So I installed Debian 12 with btrfs and apparently it only uses a single subvolume rootfs
. I would like to have my /home
in a separate subvolume (and possibly /var
too I guess) and with a flat subvolume structure. I started figuring out on how to do it and I feel like I’m not entirely sure yet so I need a sanity check.
Lots of comments online seem to use something like this method:
cd /
mv /home /home_old
btrfs subvolume create home
cp -a --reflink=always /home_old/* /home/
But this would NOT create a flat subvolume structure, right?

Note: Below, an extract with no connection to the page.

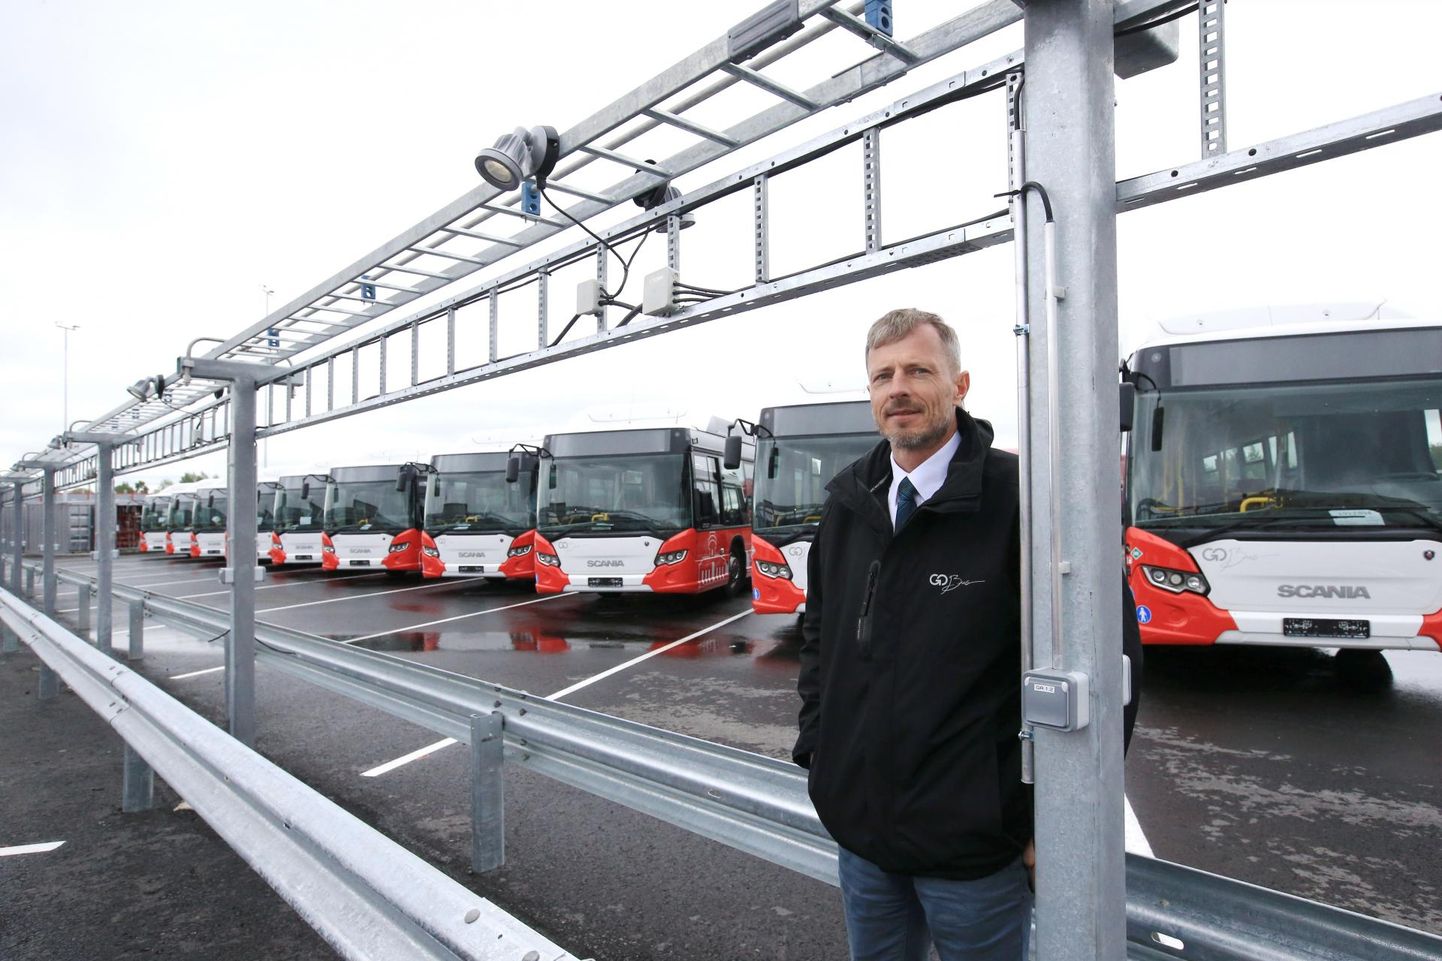 Go Busi Lõuna piirkonna juht Kalle Saviste näitas eile Tartu uusi linnaliinibusse ja nende tarvis ehitatud gaasitanklat Ringteel ettevõtte õuel.

And you woul NOT need to modify fstab
as the /home
would be automatically mounted because it resides under rootfs
actually because /
is rootfs
and not its parent?
If I want to actually have a flat structure, then I would first need to mount the actual parent subvolume (subvolumeid=5), cd into it, then create the home
subvolume, copy everything from the current home
directory into there, unmount, modify fstab
to mount home
, and delete the old stuff and reboot I guess.
Soo something like this:
mkdir /mnt/tmp
Make a folder for mount
mount -o subvolid=5 /dev/sdXX /mnt/tmp/
Mount the actual parent subvolume
cd /mnt/tmp/
Here 'ls -a' would output 'rootfs' if I understood correctly
btrfs subvolume create home
Create new subvolume, now being sibling of 'rootfs'
cp -a --reflink=always /home/* /mnt/tmp/home/
Copy old /home
umount /mnt/tmp/
Don't need it anymore
Then go to fstab
, and do something like
...
UUID= / btrfs subvol=rootfs bunch_of_options_and_stuff
...
-> change into
...
UUID= / btrfs subvol=rootfs bunch_of_options_and_stuff
UUID= /home btrfs subvol=home bunch_of_options_and_stuff
...
Then just rm -rf /home/
(or just move to keep it as backup if something is fucked up) and reboot?
Does this sound about right?
[This comment has been deleted by an automated system]
I still don’t see how having a flat subvolume layout would make that more problematic. You can still (even better in my opinion) choose what subvolumes to automatically snapshot, which to include in backups etc.